H1 title rules (hardcoded in the prompt)
H1_RULES = """
H1 TITLE RULES (mandatory):
- Must be a question format: How / Why / What / When / Should / Can / Is
- Primary keyword must appear within the first 8 words
- Include "2026" for informational, how-to, FAQ, and local SEO articles
FORBIDDEN TITLE PATTERNS (never use these):
- "5 things", "5 steps", "10 ways" (numbered lists)
- "Understanding [topic]"
- "Everything you need to know about"
- "changes everything" / "ultimate guide"
- "What X needs to know" (where X = the reader's role)
"""
# Example of good titles:
# "Why should Australian mortgage brokers rethink fixed rates in 2026?"
# "How does the RBA cash rate affect first-home buyers in Brisbane in 2026?"
# "What do cybersecurity teams need to know about the new APRA ruling?"
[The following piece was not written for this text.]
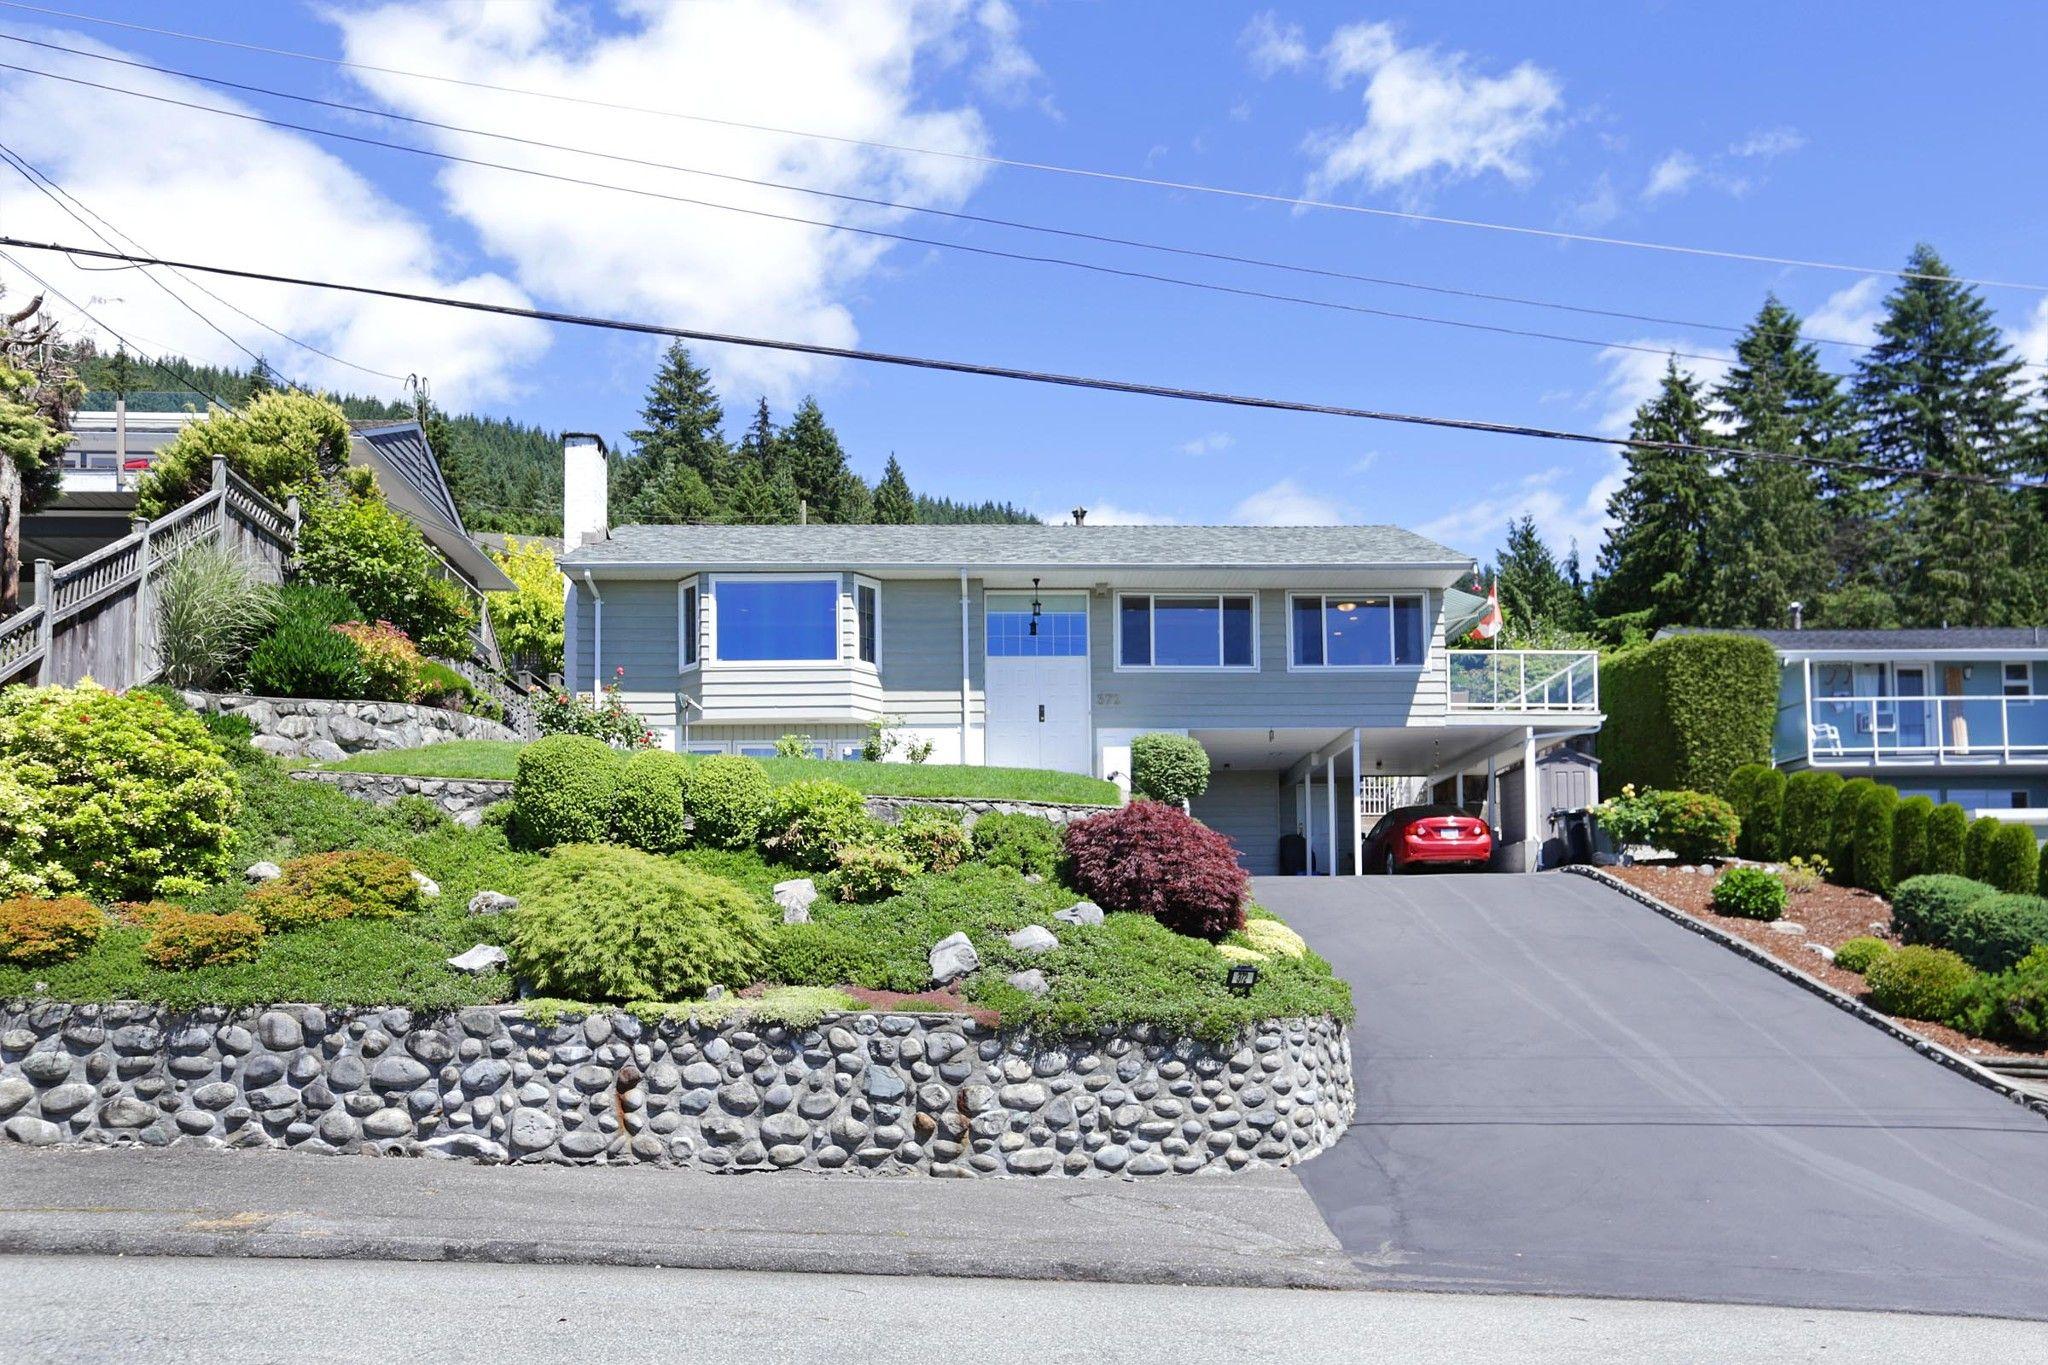 Main Photo: 372 VENTURA Crescent in North Vancouver: Upper Delbrook House for sale : MLS®# R2284717

"5 things" articles are commoditised — every content farm produces them. "Understanding X" signals generic educational content, not actionable expert advice. "Everything you need to know" is overused and Google's helpful content guidelines penalise these patterns. The question-format rule is based on SEO data showing that question-format titles consistently outperform declarative titles for featured snippets.